The partial by-product of J(w) with respect to any of the weights wⱼ is:
Proof:
Thus, the gradient vector could be written in vectorized kind as follows:
And the gradient descent replace rule is:
the place α is a studying charge that controls the step measurement (0 < α < 1).
Word that everytime you use gradient descent, you will need to guarantee that your information set is normalized (in any other case gradient descent could take steps of various sizes in numerous instructions, which is able to make it unstable).
We’ll now implement the logistic regression mannequin in Python from scratch, together with its value perform and gradient computation, optimizing the mannequin utilizing gradient descent, analysis of the mannequin, and plotting the ultimate resolution boundary.
For the demonstration we are going to use the Iris data set (BSD license). The unique information set incorporates 150 samples of Iris flowers that belong to one in all three species (Setosa, Versicolor and Virginica). We’ll make it right into a binary classification drawback by utilizing solely the primary two sorts of flowers (Setosa and Versicolor). As well as, we are going to use solely first two options of every flower (sepal width and sepal size).
Loading the Knowledge Set
Let’s first import the required libraries and repair the random seed so as to get reproducible outcomes:
import numpy as np
import pandas as pd
import matplotlib.pyplot as plt
import seaborn as snsnp.random.seed(0)
Subsequent, we load the information set:
from sklearn.datasets import load_irisiris = load_iris()

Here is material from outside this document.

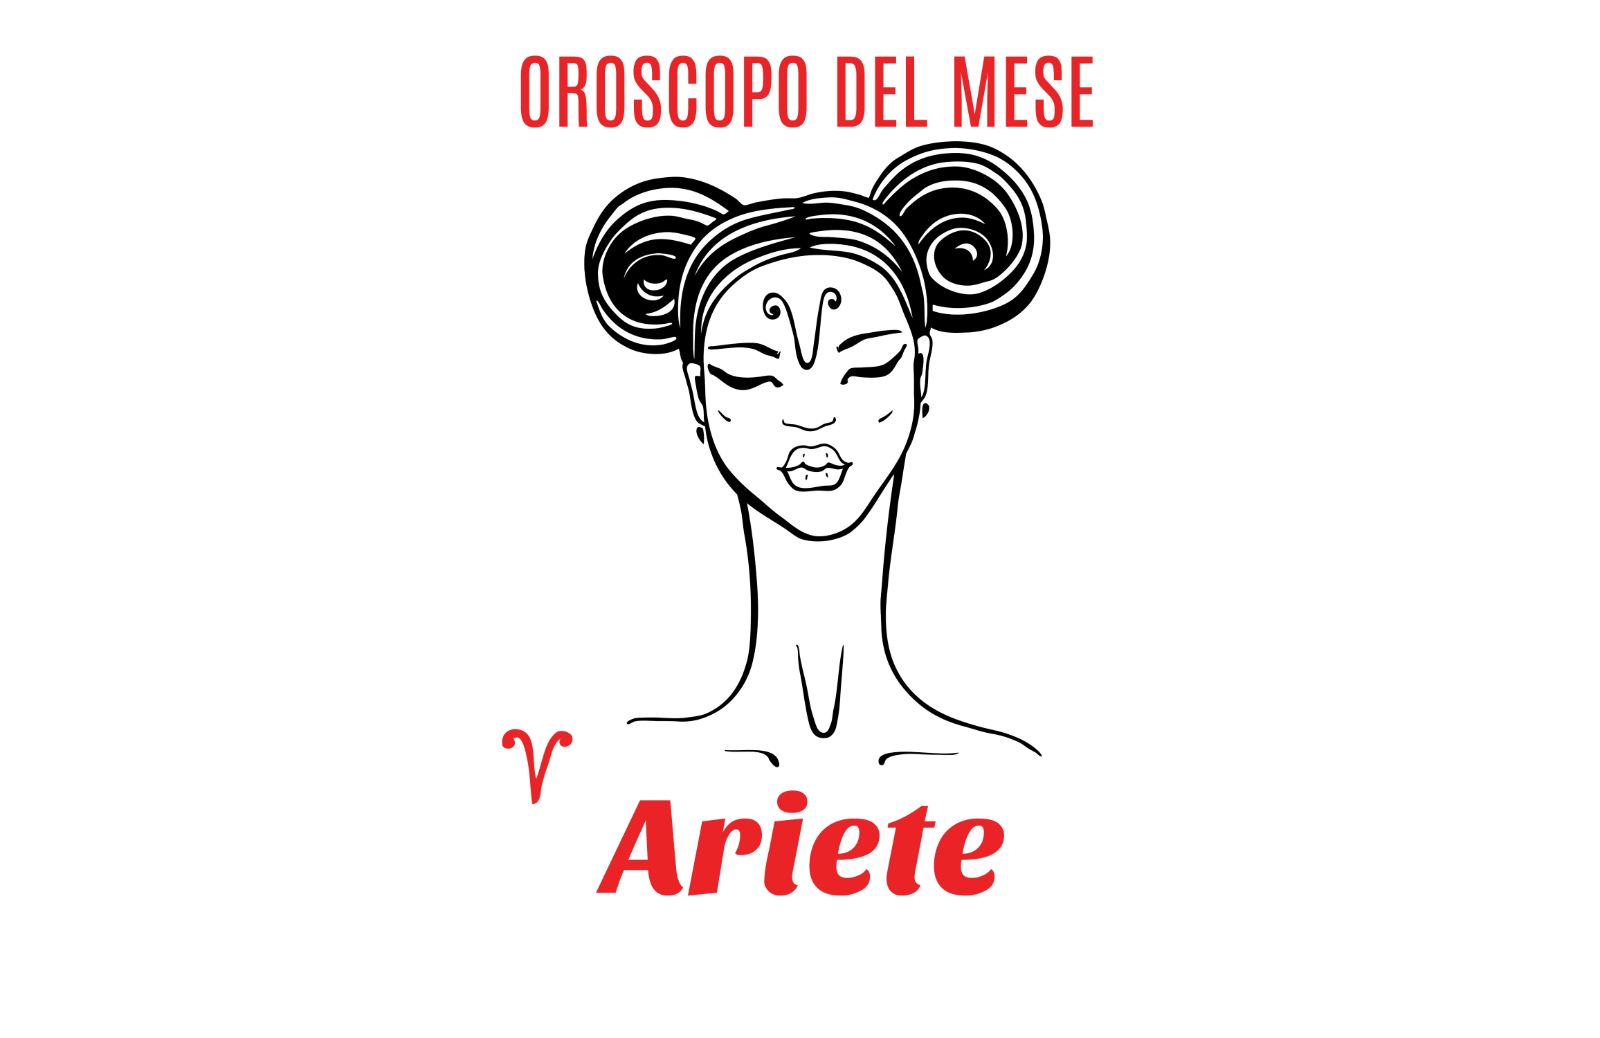 Oroscopo del mese: Ariete - aprile 2018
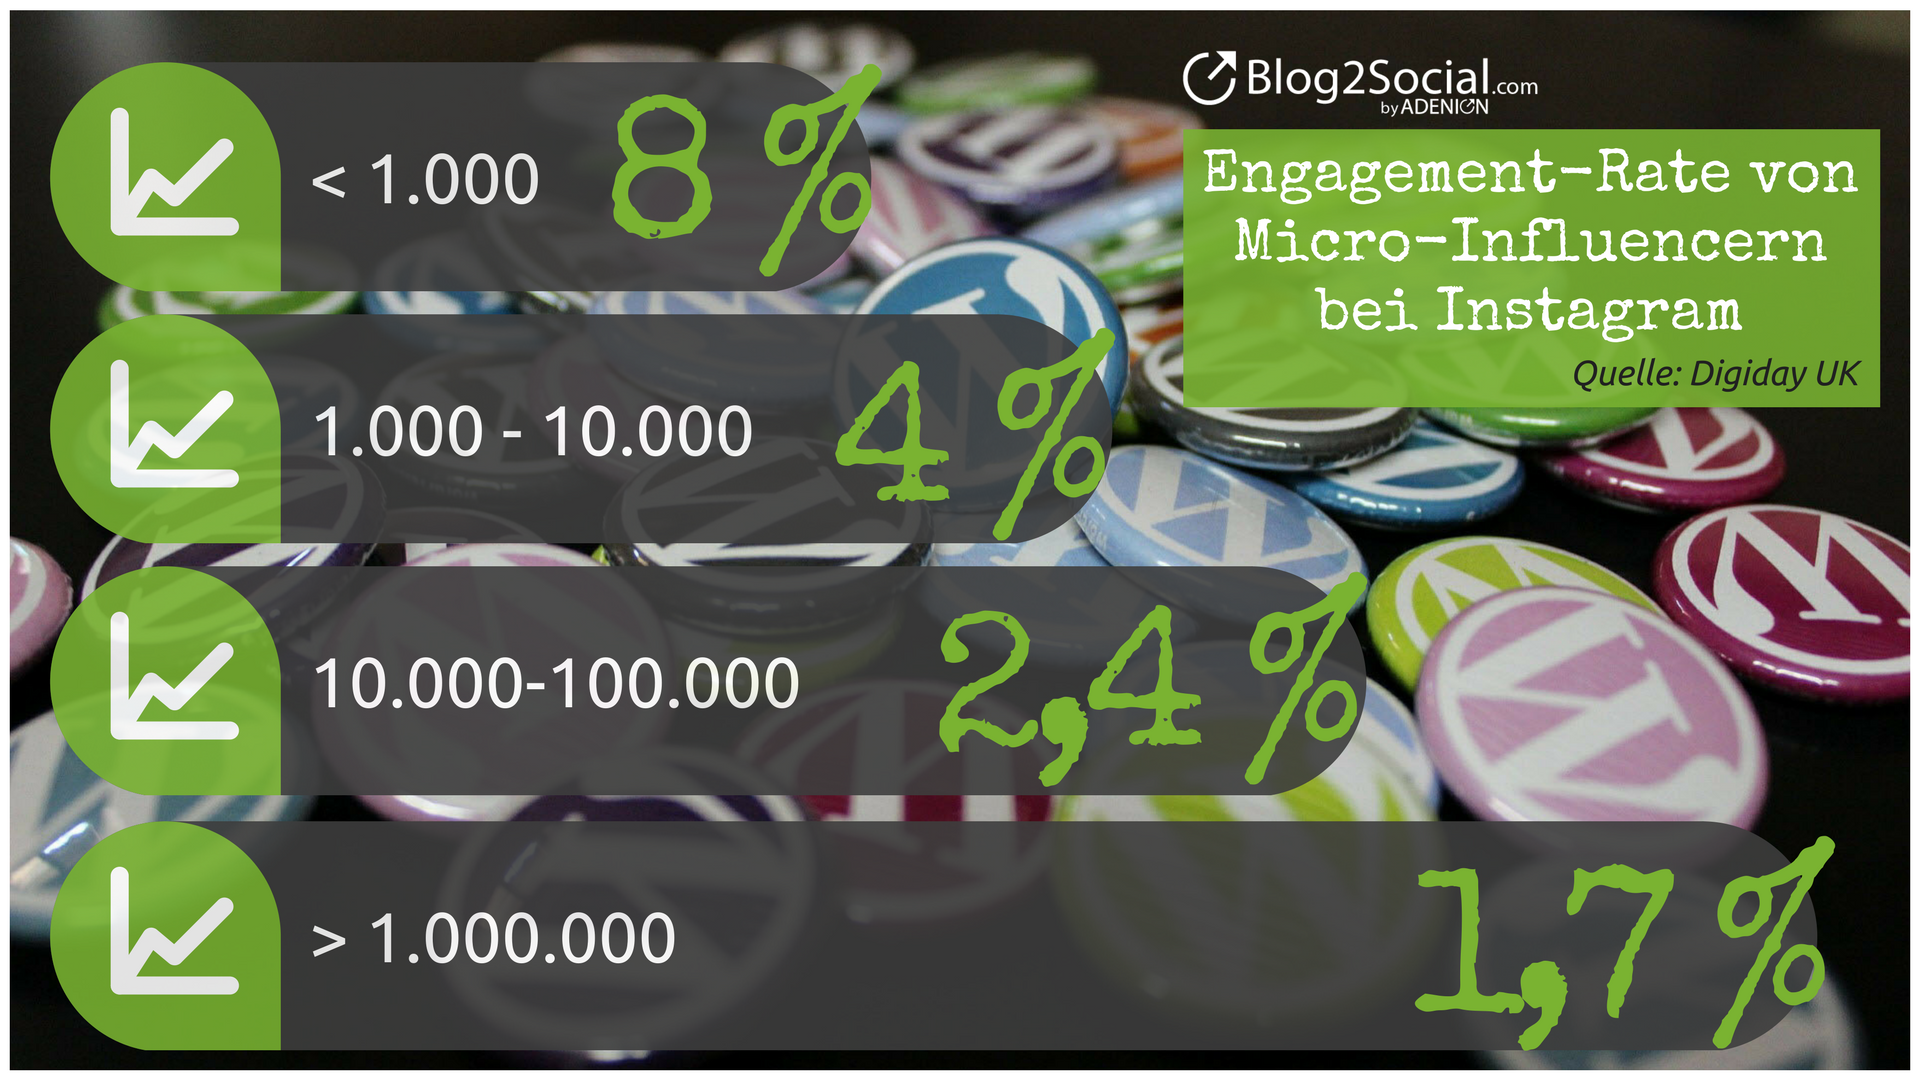 Engagement-Rate von Micro-Influencern bei Instagram

X = iris.information[:, :2] # Take solely the primary two options
y = iris.goal
# Take solely the setosa and versicolor flowers
X = X[(y == 0) | (y == 1)]
y = y[(y == 0) | (y == 1)]
Let’s plot the information:
def plot_data(X, y):
sns.scatterplot(x=X[:, 0], y=X[:, 1], hue=iris.target_names[y], type=iris.target_names[y],
palette=['r','b'], markers=('s','o'), edgecolor='ok')
plt.xlabel(iris.feature_names[0])
plt.ylabel(iris.feature_names[1])
plt.legend()
plot_data(X, y)
As could be seen, the information set is linearly separable, due to this fact logistic regression ought to be capable of discover the boundary between the 2 lessons.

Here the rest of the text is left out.